SafetyRepro: Configuration-Conditional Rank Instability on Alignment Benchmarks

2026-05-25Machine Learning

Machine Learning
AI summary

The authors explain that when researchers compare AI models by saying things like 'Model A is safer than Model B,' these comparisons depend heavily on how the tests are set up, which is often not clearly explained. They provide a new theoretical idea showing that small changes in evaluation settings can flip which model appears better. They also created a way to test this idea on popular safety benchmarks and found that the choice of test details alone can change the rankings. This helps highlight a key reason why some model comparisons might be unreliable.

foundation modelsmodel comparisonbenchmarkingpairwise disagreementevaluation protocolAI safetyalignment benchmarksordering reversalconfiguration choice
Authors
Yanhang Li, Zhichao Fan, Zexin Zhuang
Abstract
Pairwise model comparisons drawn from foundation-model benchmarks ("A is safer than B") are read as quantitative verdicts but hinge on harness choices benchmark papers under-specify.
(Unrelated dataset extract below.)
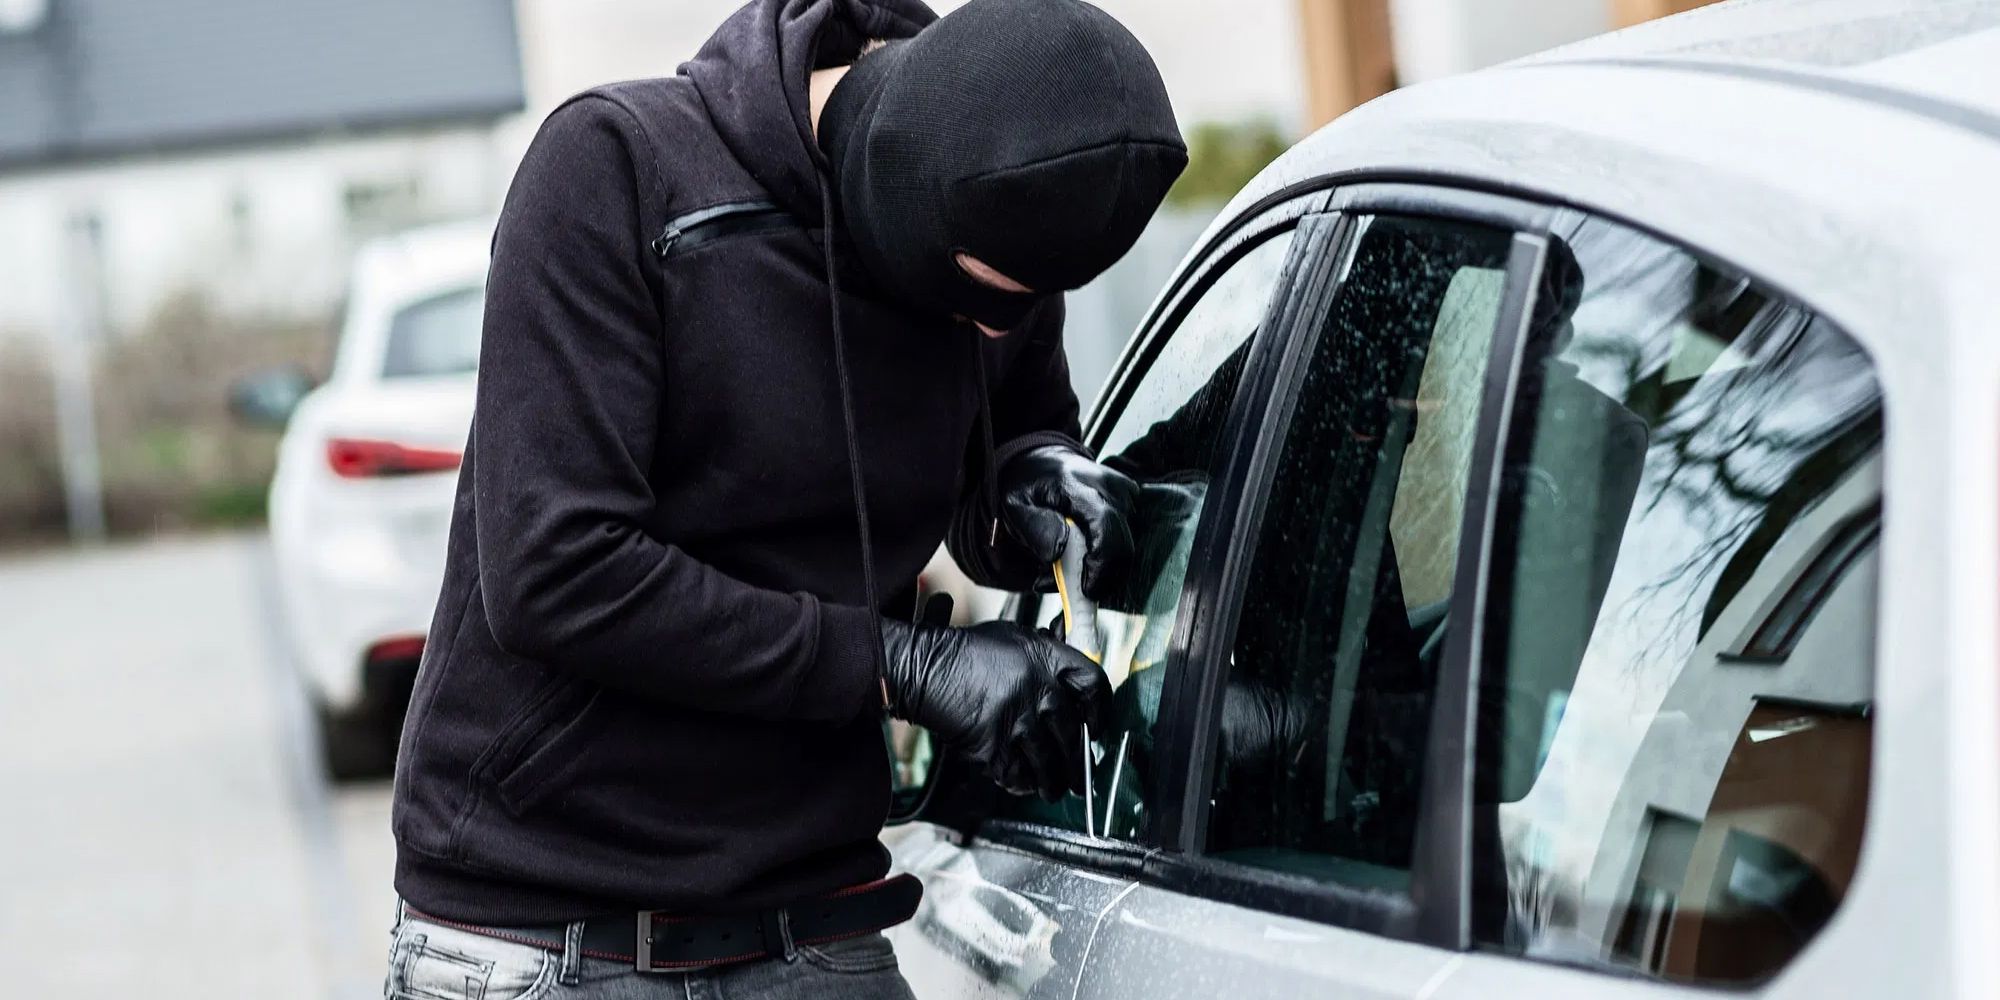 A thief attempting to break into a car
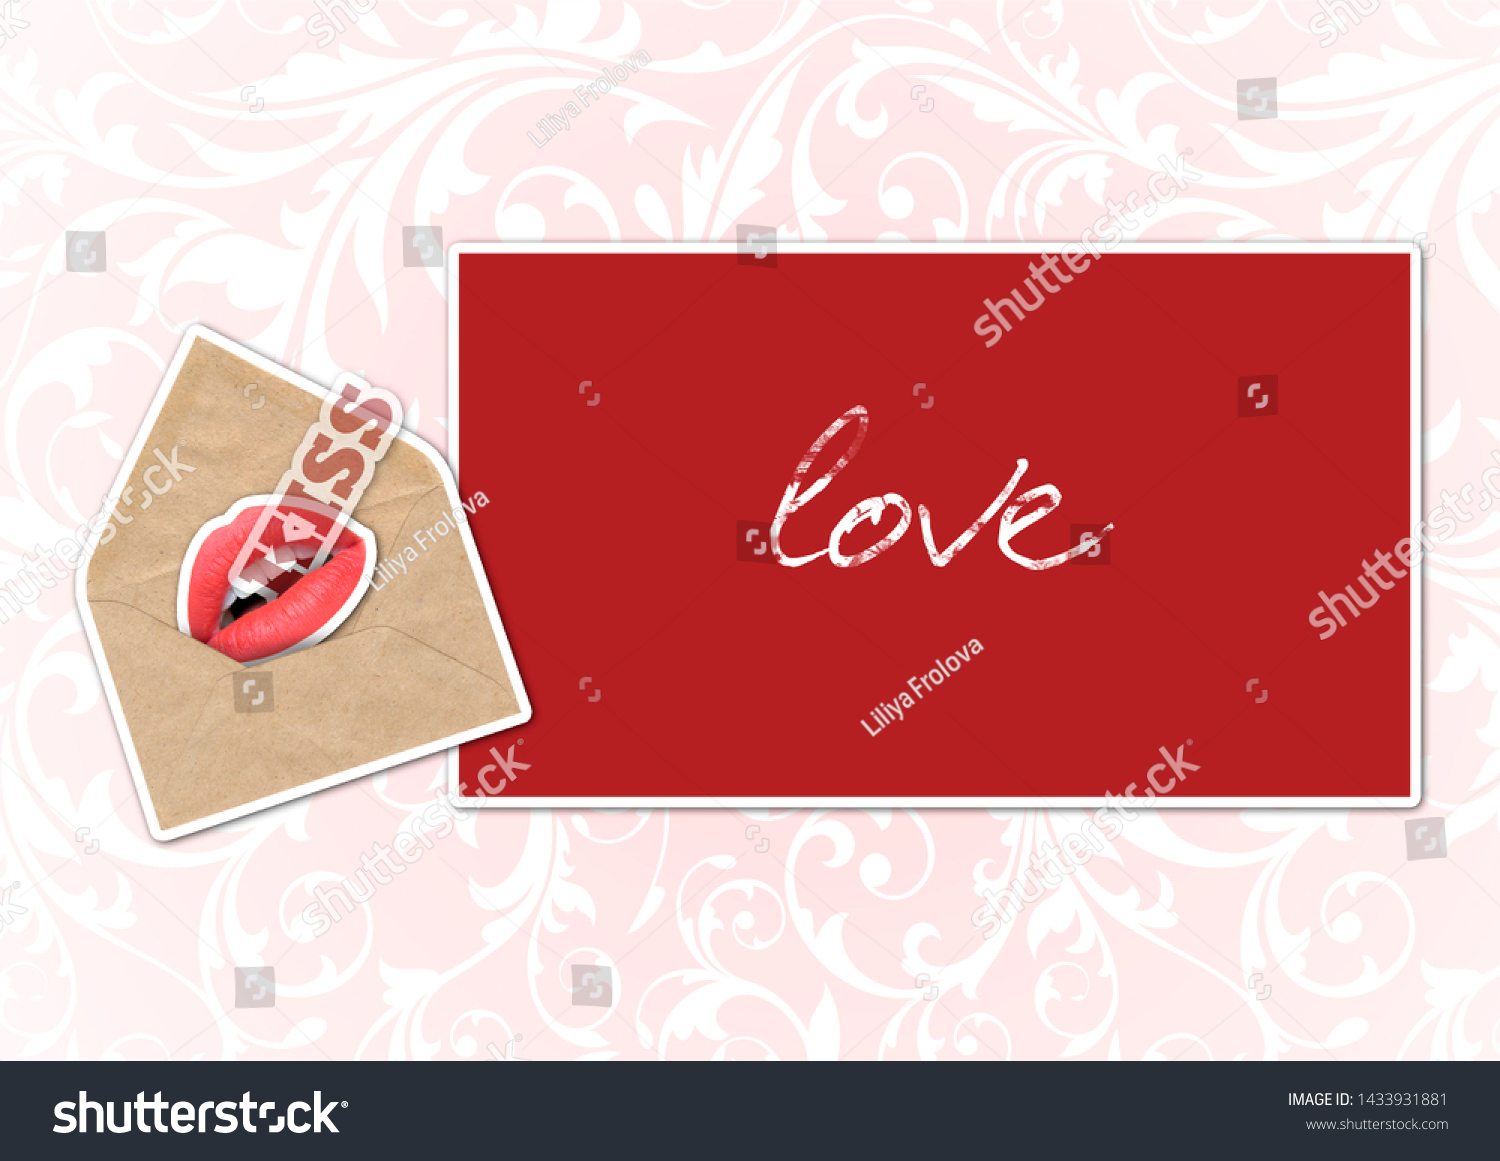 Letter To Your Loved One from image.shutterstock.com

We close one theory-benchmark loop on this primitive: a finite-envelope proposition tying a measurable pairwise-disagreement rate to whether the strict ordering admits a configuration-pair reversal, paired with a commit-stamped evaluation protocol that operationalises it on widely cited alignment benchmarks. On every benchmark we test, configuration choice alone can flip the pairwise verdict; the proposition isolates this strict-reversal failure mode.